Poco a poco, y con su habitual maña propagandística, el independentismo autonomista ha conseguido convertir a los presos políticos en moneda de cambio de la segunda transición española mientras los líderes catalanes normalizan las negociaciones en la prisión con Podemos para demostrar a su electorado que otra España se posible. Bajo una apariencia de tensión, el vodevil funciona para todo el mundo: a Esquerra ya le va bien ampliar la base (puf) de Pablo Iglesias en Catalunya para ir preparando el caldo de un futuro tripartito. El espacio convergente, por otra parte, tiene las mismas ansias de sellar un nuevo pacto de coexistencia con el Estado, pero la moderación de los republicanos hacia la tercera vía ya les va bien a Torra-Puigdemont para fingirse más radicales. A Sánchez también le prueba tener a la secretaria de visita en Lledoners: los jueces podrán condenar a los presos políticos a penas durísimas, pero él siempre tendrá la carta del indulto y, por tanto, de la rendición indepe.

Es realmente instructivo comprobar cómo la coacción de los carceleros españoles tiene un lenguaje prácticamente gemelo del chantaje emocional con que los presos están tomando el pelo a la tribu. Hace pocos días, Jaume Asens admitía que la aprobación de los presupuestos de Sánchez-Iglesias facilitaría un clima de distensión que ayudaría a repensar las condenas. A fuego muy lento, los presos políticos van adquiriendo el status que hasta ahora habíamos tenido los ciudadanos de Catalunya: puedes negociar conmigo, dice el Estado, pero recuerda que si no me apruebas lo de la pasta tú y tu familia quizás tendréis problemas. Es el argumento de la mafia, ya lo sabíamos, pero hábilmente normalizado para que acabe pareciendo que España nos hace un favor liberándonos a los políticos. Ha hecho falta tener al Govern de la Generalitat en prisión para que se manifieste cómo negocia el kilómetro cero: en una próxima vida, ya nos lo podríamos ahorrar.

Por fortuna, no todo el mundo está jugando a la farsa con la misma cuota de cinismo. Desde hace tiempo, Jordi Cuixart se ha negado a hacer de moneda de cambio de esta segunda transición al autonomismo, y la posición del presidente de Òmnium no es solo una cuestión de oportunismo político ni de aspiraciones presidenciales (que también): diría que Cuixart, a diferencia de Jordi Sànchez-Madí, fue de los pocos líderes que creía honestamente en ganar el referéndum del 1-O y en no convertir la votación en una mera forma de presionar al Estado. Cuixart ha entendido que el problema del independentismo no ha sido de ideales ni de hojas de ruta, sino de medias verdades y líderes miedosos. Mientras Junqueras reza el padre nuestro para que Dios lo convierta en el nuevo Pujol y Puigdemont sueña en ser Tarradellas, Cuixart toma notas y va madurando el futuro. En las mesas de negociación de Lledoners ni está ni se lo espera.

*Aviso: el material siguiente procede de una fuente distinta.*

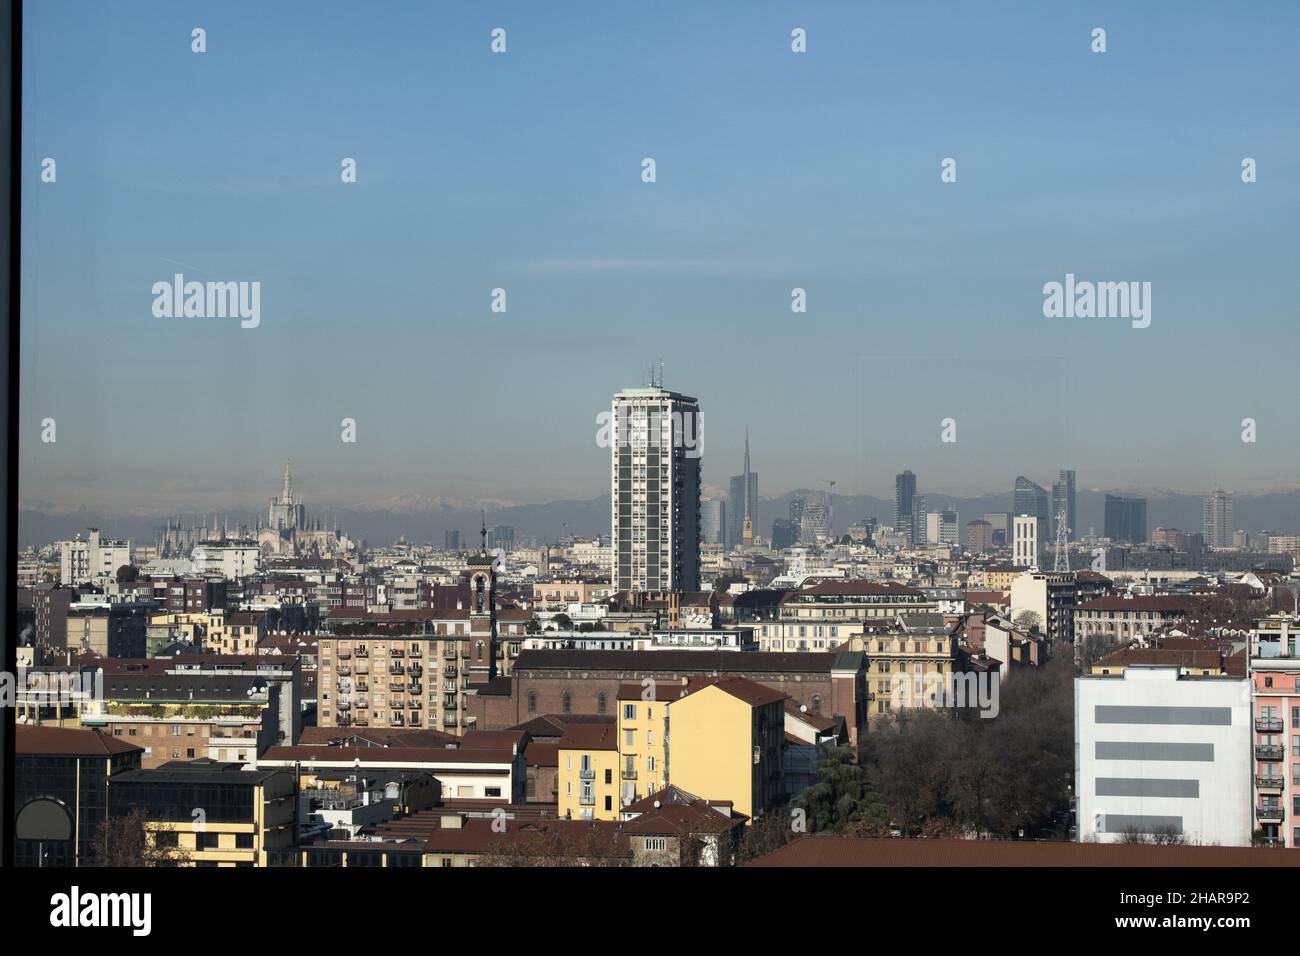 Mailand, Italien: Die Skyline der Stadt von den Fenstern des Turms der Fondazione Prada aus gesehen, das 60 Meter hohe Gebäude, das von Rem Koolhaas entworfen wurde Stockfoto

Todos los procesos de rendición tienen su particular nomenclatura. Si hace meses se acostumbraba a escarnecer a los partidarios de la vía unilateral con el adjetivo de hiperventilados, ahora el procesismo se sacude la crítica llamando puros a los secesionistas que no comulgamos con la negociación de los presupuestos con los carceleros españoles, por simpáticos muy que sean. Claudicar también produce purgas de los disidentes, y esta semana veíamos cómo Maria Vila era expulsada de las tertulias de Catalunya Ràdio por simples motivos políticos. El nivel de degradación, con respecto a discurso y pluralidad, llegará muy pronto a cuotas soviéticas y, aparte de retratar a todo el mundo, creará espacios de renovación política interesantes. No sé cuándo llegará la buena nueva, pero está bien claro que la población ya está harta de tragarse mentiras. Si los imperios más poderosos han caído, imaginad estos aficionados.